For the General Electric machine this light was predominantly in the visible region of the electromagnetic spectrum. But with larger, higher energy machines came higher energy radiation, into the X-ray region. In 1956, two American scientists, Diran Tomboulian and Paul Hartman, were granted use of the 320 MeV synchrotron at Cornell University. In addition to confirming the spectral and angular distribution of the light they saw, they carried out the first X-ray spectroscopy study using synchrotron light.

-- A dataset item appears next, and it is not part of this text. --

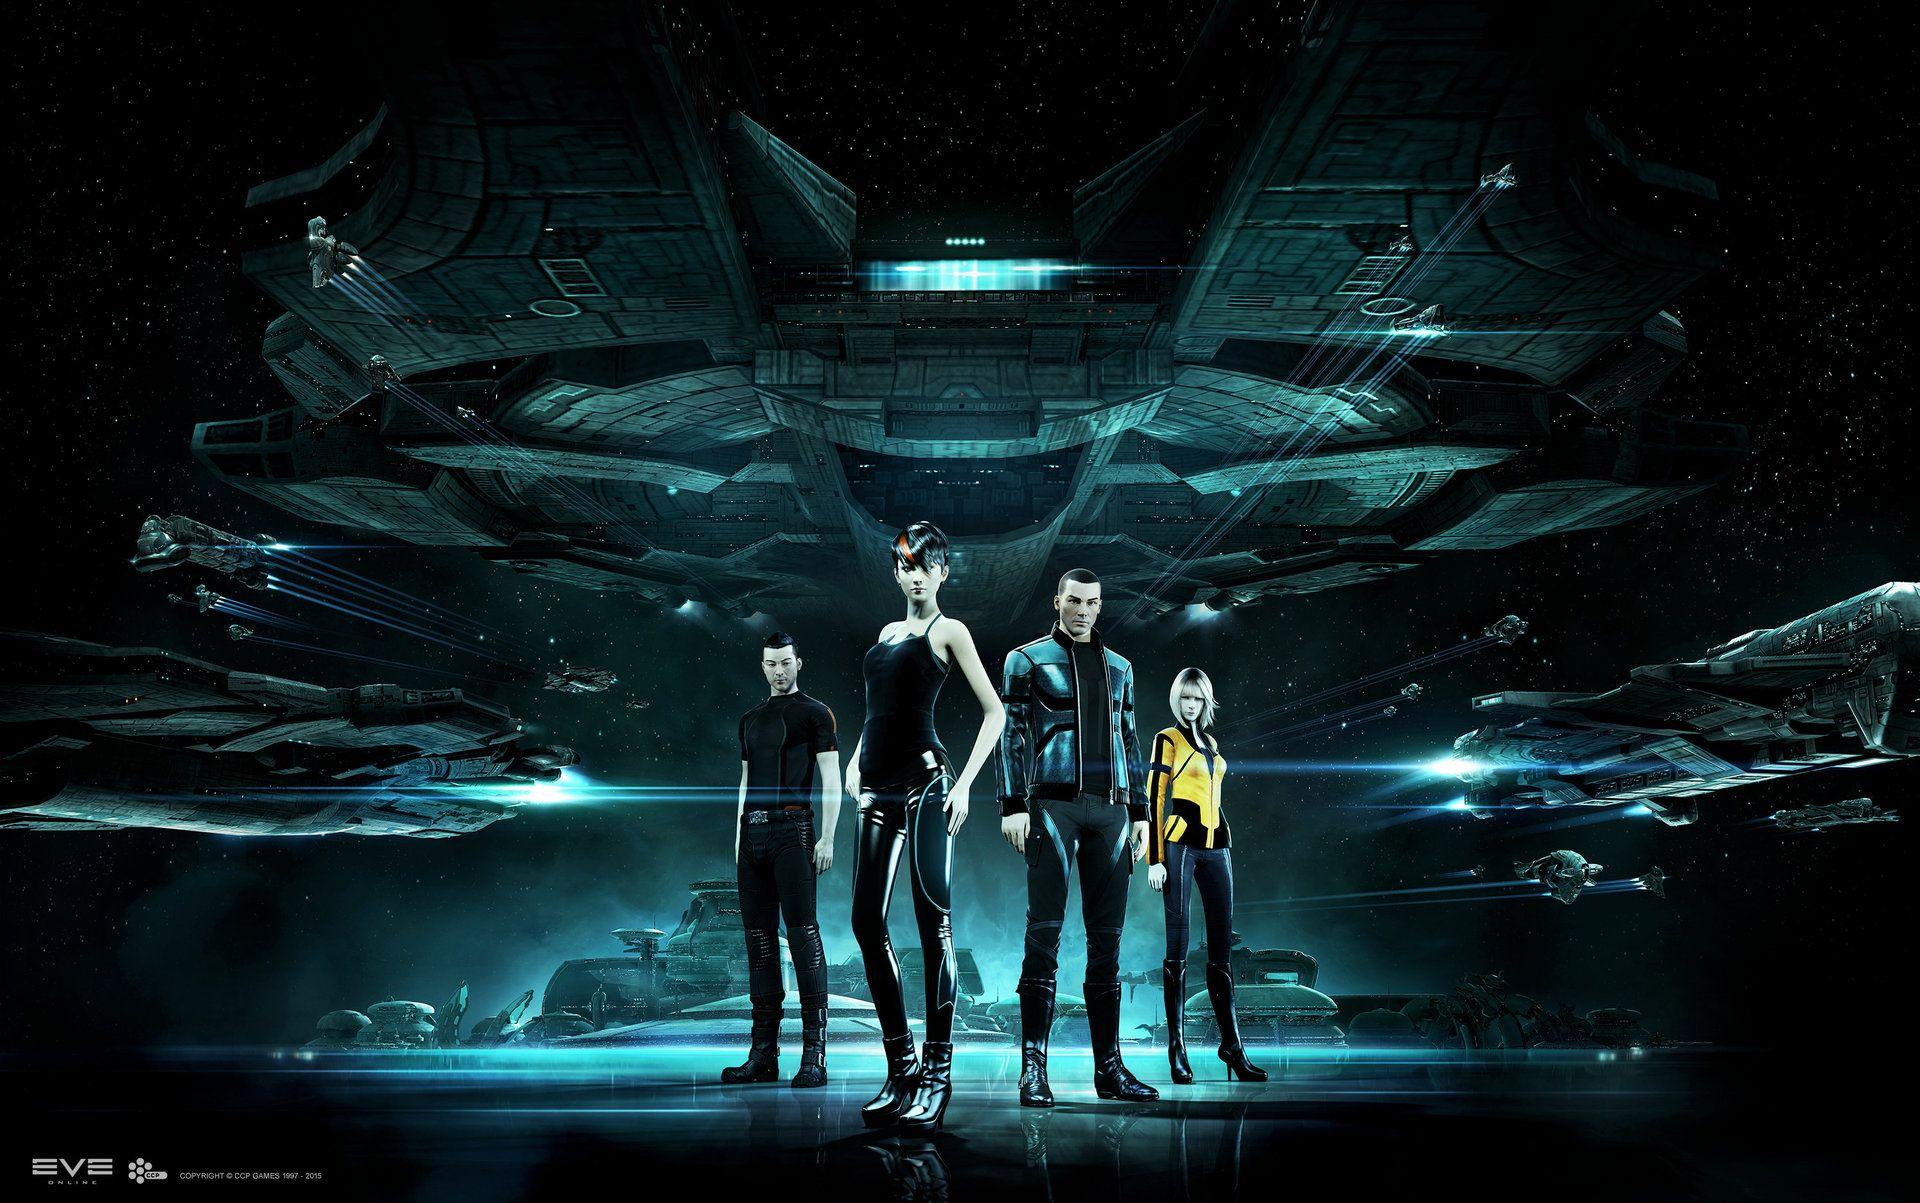 Gallente Crew (ArtStation - Eve Online - Key Art, Andrei Cristea

Over the years the number of experiments increased, all using machines built for high energy particle physics. This changed in 1980 when the UK built the world’s first synchrotron dedicated to producing synchrotron light for experiments. For scientists carrying out spectroscopy experiments, the brightness of the light reaching the sample determined the resolving power of the results. For crystallographers, especially those looking at small crystals with large unit cells, high brightness was important to resolve closely spaced diffraction spots. The development of insertion devices provided new opportunities. Insertion devices are arrays of magnets that create a very bright and tuneable beam, with intensity peaks with a wavelength that can be varied by adjusting the field strength.

Now there are more than 50 synchrotron light sources around the world, carrying out a huge range of experiments with applications in engineering, biology, materials science, cultural heritage, chemistry, environmental science and many more. Several Nobel prizes have been awarded for research that depended on synchrotron light, most recently Prof Venki Ramakrishnan, joint winner of the 2009 Nobel Prize in Chemistry for his work on the structure of the ribosome. Synchrotrons play a vital role for the global scientific infrastructure, by increasing international collaborations and being truly multidisciplinary. Synchrotrons are here to stay.